[Work to complete]
Please restate the data that follows word for word, with the pictures left out.

[Information shown]

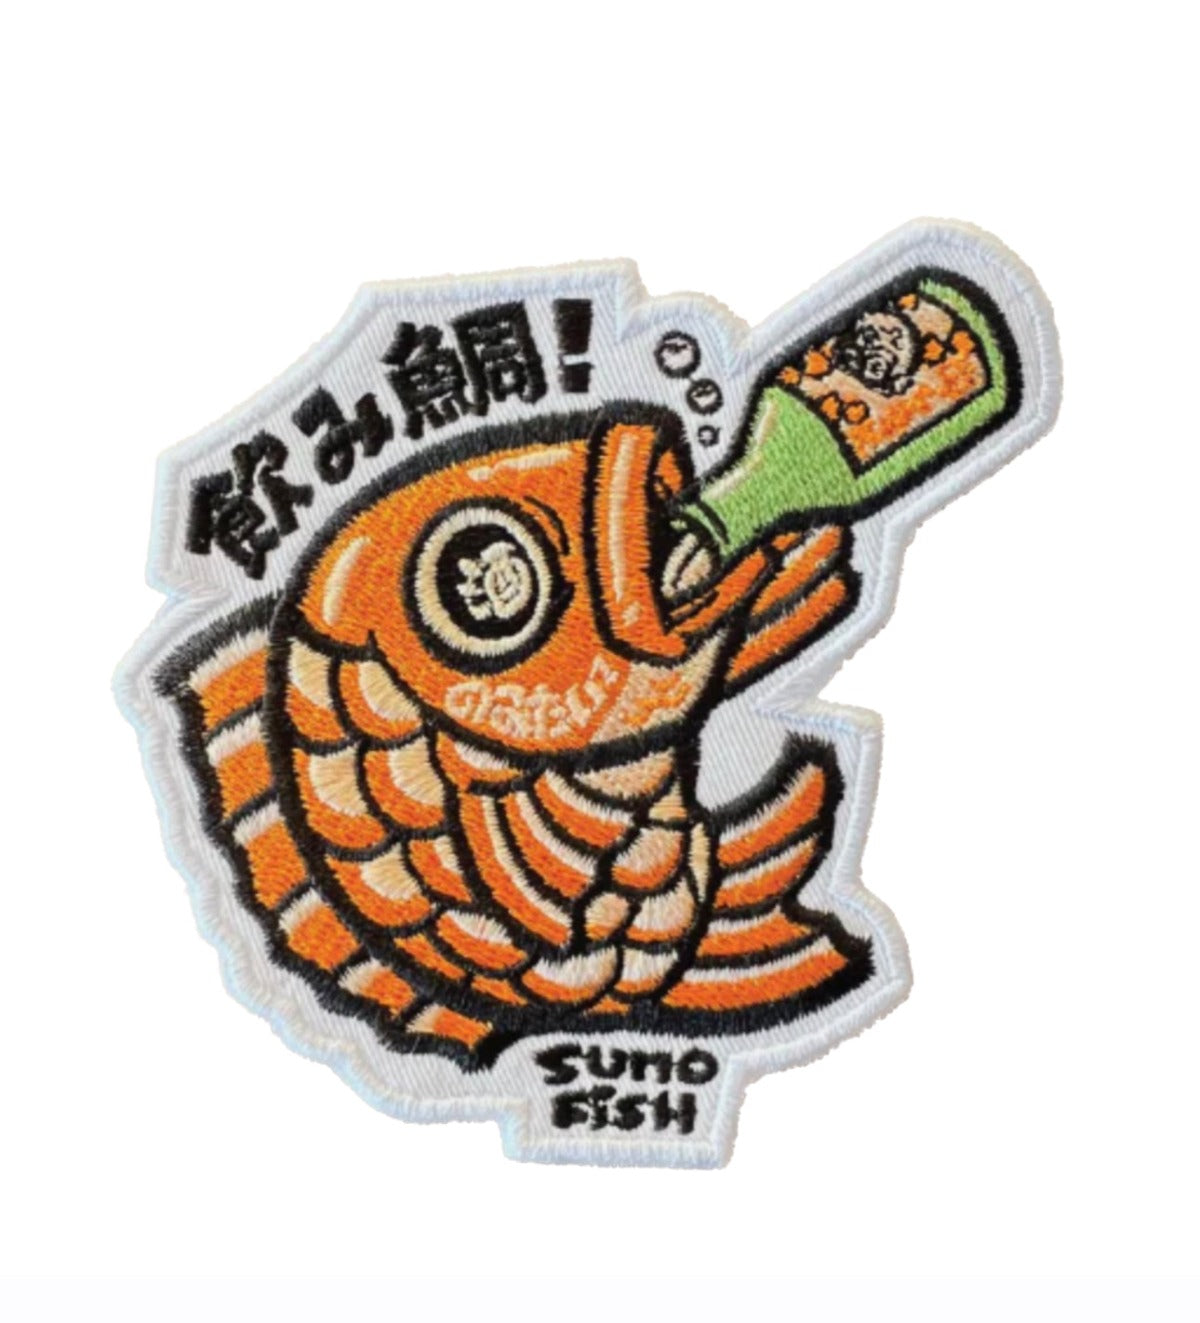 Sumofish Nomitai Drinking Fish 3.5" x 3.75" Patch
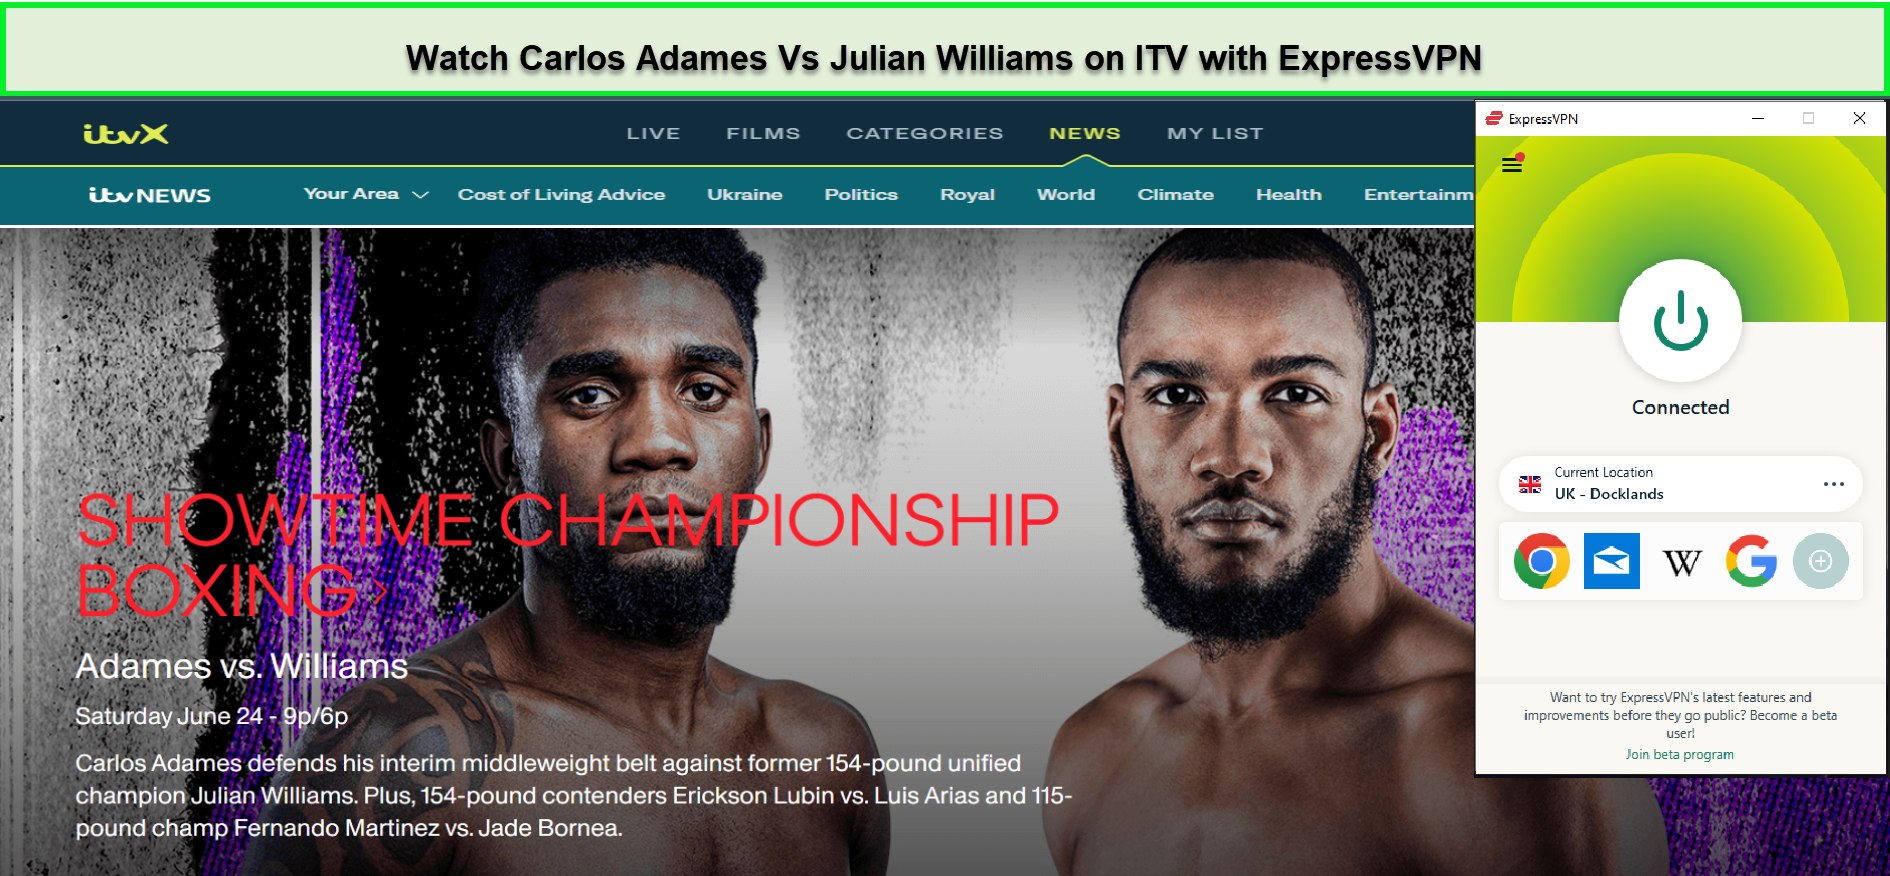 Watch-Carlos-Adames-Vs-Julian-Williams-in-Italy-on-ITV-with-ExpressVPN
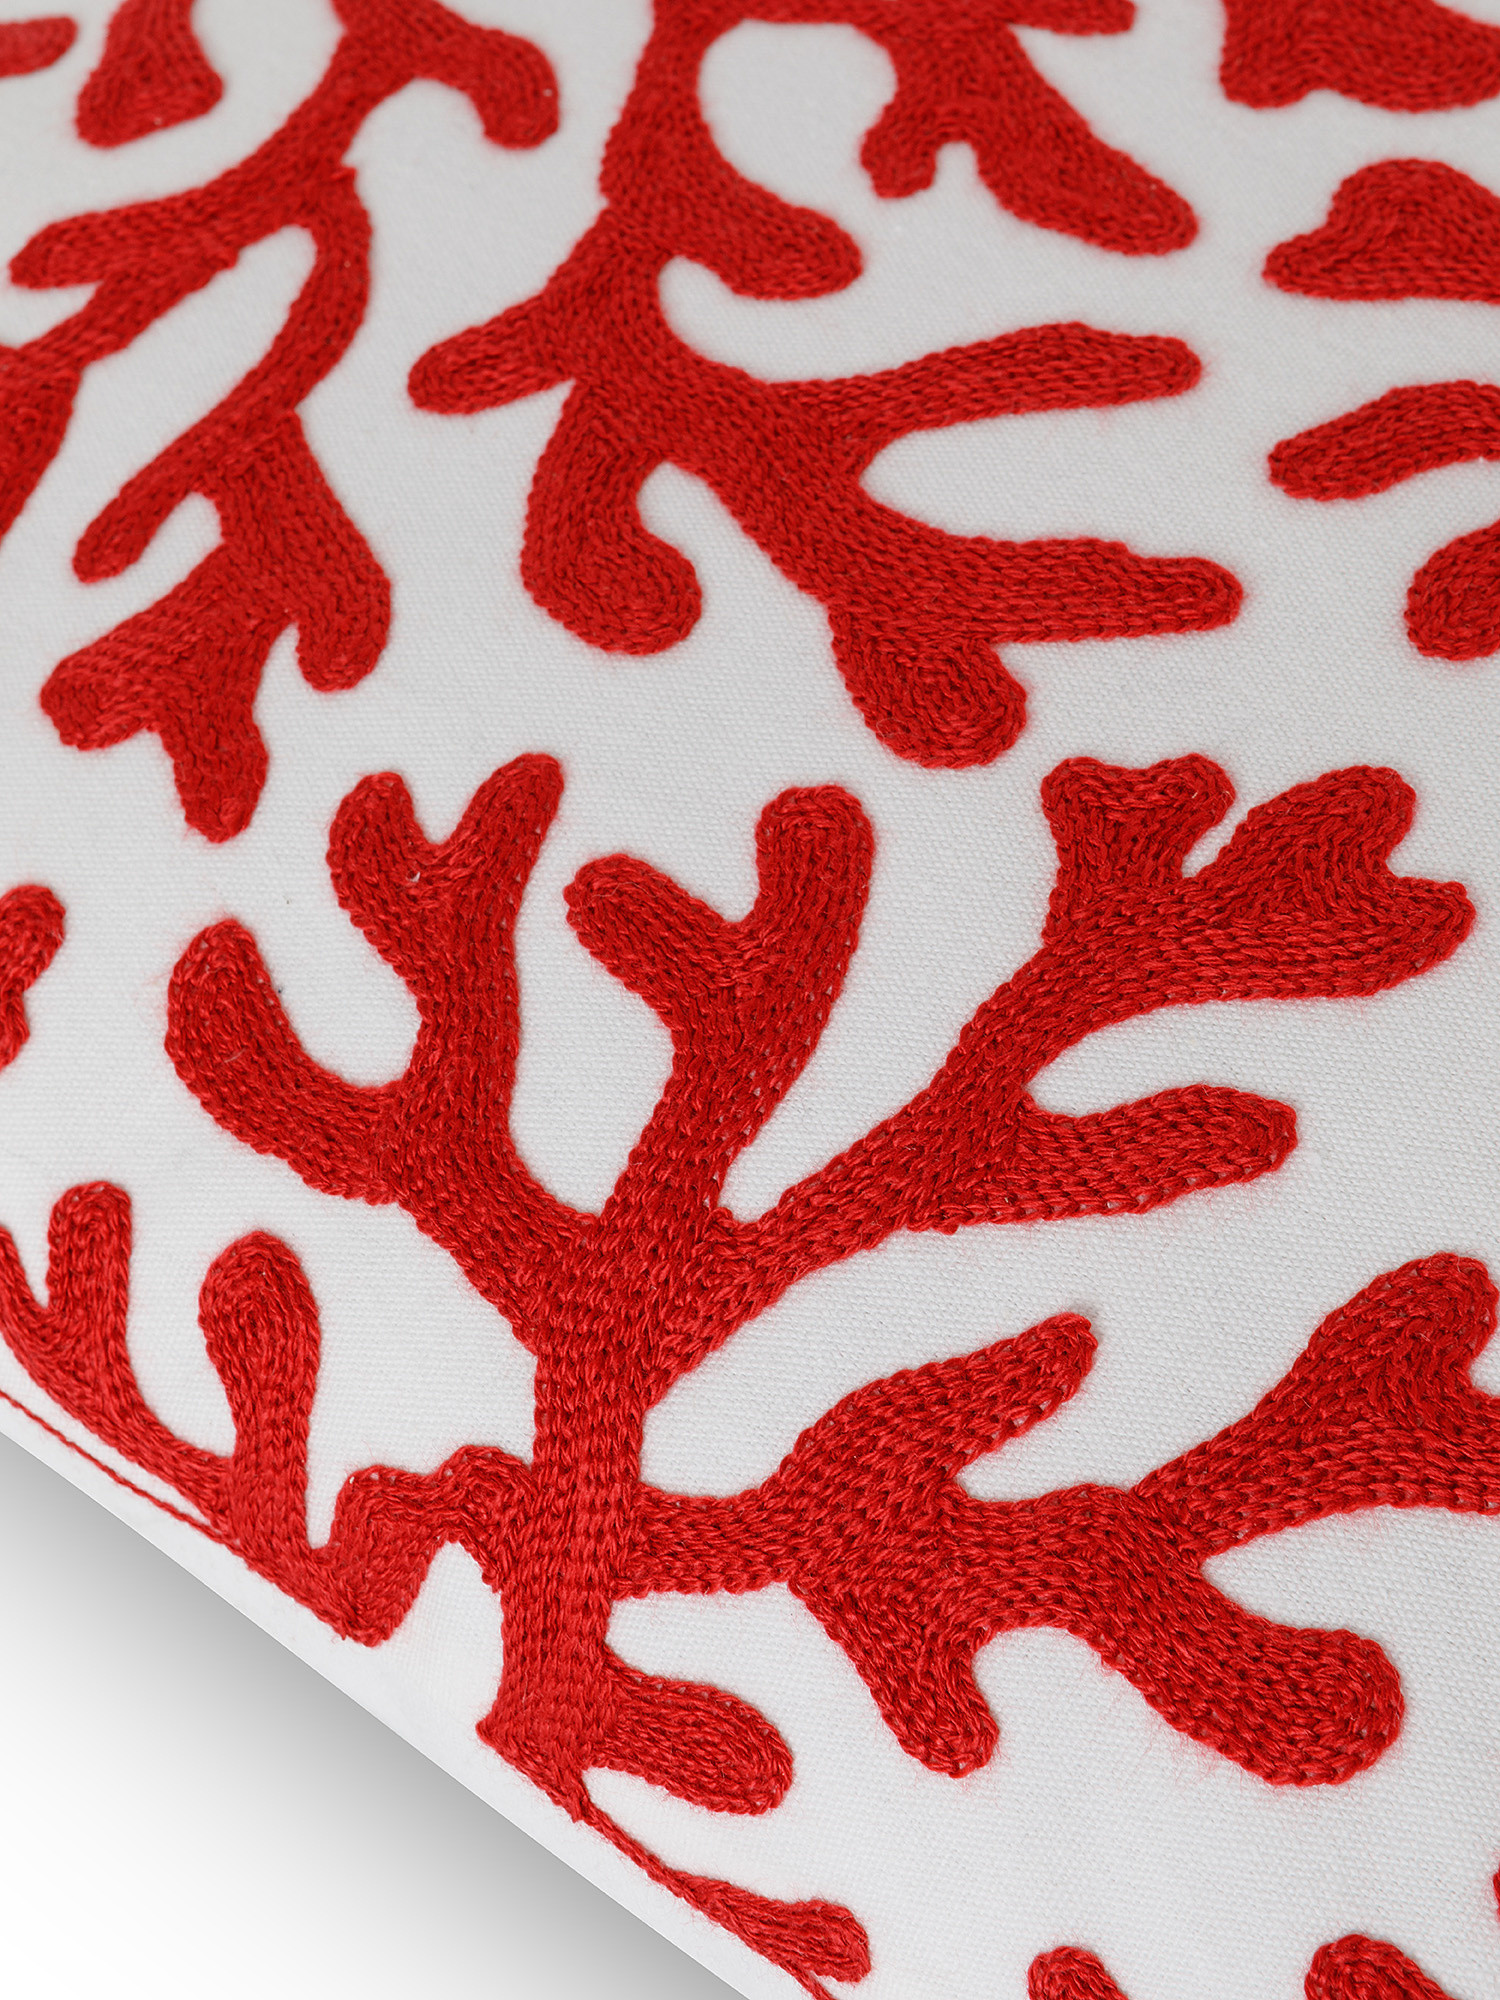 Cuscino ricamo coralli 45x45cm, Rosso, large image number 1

[Task result]
 Sumofish Nomitai Drinking Fish 3.5" x 3.75" Patch
 Watch-Carlos-Adames-Vs-Julian-Williams-in-Italy-on-ITV-with-ExpressVPN
 Cuscino ricamo coralli 45x45cm, Rosso, large image number 1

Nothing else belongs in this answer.